Der letzte Hebel ist Sicherheit: Alarmanlagen, eine sichere Garage oder ein Rauchmelder bringen oft 5 bis 20 Prozent Rabatt. Wer ohnehin am Haus modernisiert, etwa beim Einbau einer Solaranlage mit Speicher oder bei Reparaturen mit einem zuverlässigen Handwerksbetrieb, kann solche Sicherheits-Pluspunkte gleich mitnehmen und doppelt profitieren.
Wer sicher fährt, kann mit einem Telematik-Tarif bis zu 30 Prozent sparen. Eine App misst dein Fahrverhalten, und vorsichtige Fahrer werden mit niedrigeren Beiträgen belohnt. Für Wenigfahrer lohnt sich zusätzlich ein Kilometer-Tarif.
07 So viel ist realistisch drin
Was bringen die sieben Tricks zusammen? Hier eine ehrliche Schätzung für einen normalen Haushalt mit Auto, Hausrat und Haftpflicht:
In Summe sind 300 bis 500 Euro pro Jahr für die allermeisten Haushalte machbar, ohne den Schutz zu verschlechtern. Das eingesparte Geld arbeitet besser für dich, wenn du es anlegst, statt es zu verschenken. Wie aus kleinen Beträgen über die Jahre ein Vermögen wird, rechnet dir unser Sparrechner vor.
08 Die häufigsten Fehler, die dich Geld kosten
- Jahr für Jahr stillschweigend die Beitragserhöhung akzeptieren, statt einmal zu vergleichen.

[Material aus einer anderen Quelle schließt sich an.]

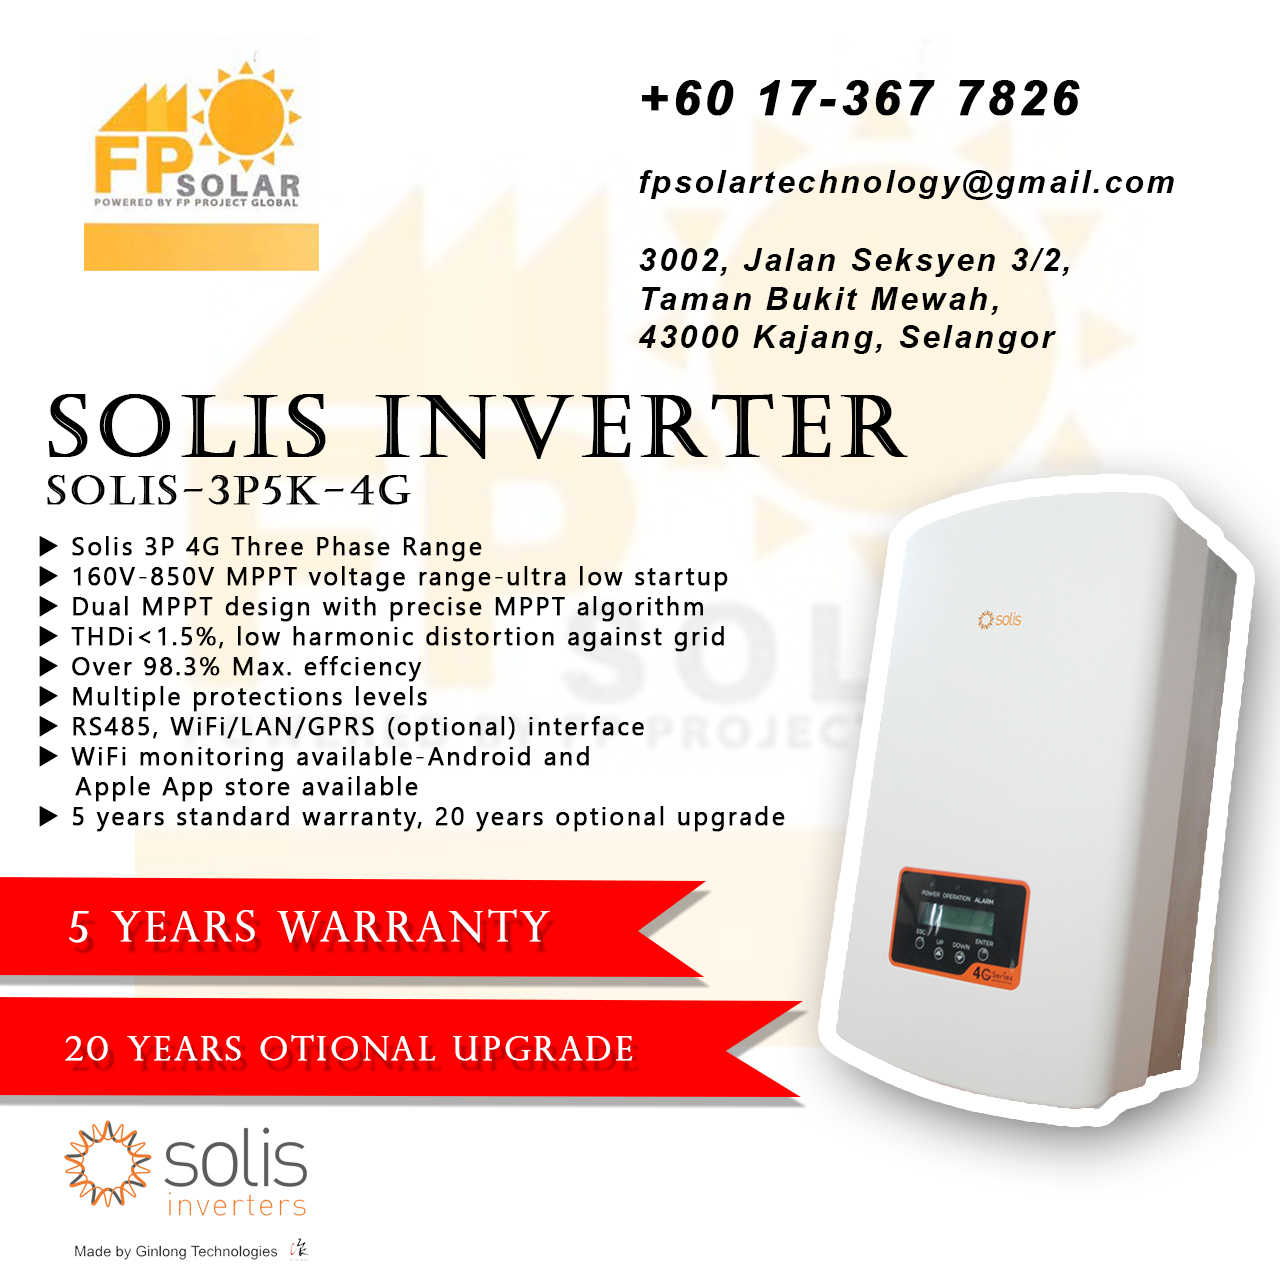 Solis Inverter FPSOLARTECHNOLOGY – FP SOLAR TECHNOLOGY

- Aus Bequemlichkeit beim alten Anbieter bleiben, obwohl Neukunden oft 30 Prozent weniger zahlen.
- Jeden Kleinschaden melden und dafür die wertvolle Schadenfreiheitsklasse verlieren.
- Teure Nischen-Policen wie Handy, Brille oder Glas abschließen, statt einen Notgroschen anzulegen.
- An der falschen Stelle sparen, etwa bei Haftpflicht oder Berufsunfähigkeit, die wirklich wichtig sind.
„Versicherungen sind wie der Frühjahrsputz. Einmal im Jahr ordentlich durchgehen, dann hast du das ganze Jahr Ruhe und mehr Geld im Portemonnaie."
Take-Aways.
- →Vergleiche einmal im Jahr, das ist der mit Abstand größte Hebel.
- →Erhöhe die Selbstbeteiligung und leg den eingesparten Beitrag als Notgroschen zurück.
- →Versichere nur, was existenziell ist: Haftpflicht, Berufsunfähigkeit, Krankenversicherung.
- →Bündele clever, zahle jährlich und schütze deine Schadenfreiheitsklasse.
- →Leg die 300 bis 500 Euro Ersparnis an, statt sie zu verschenken.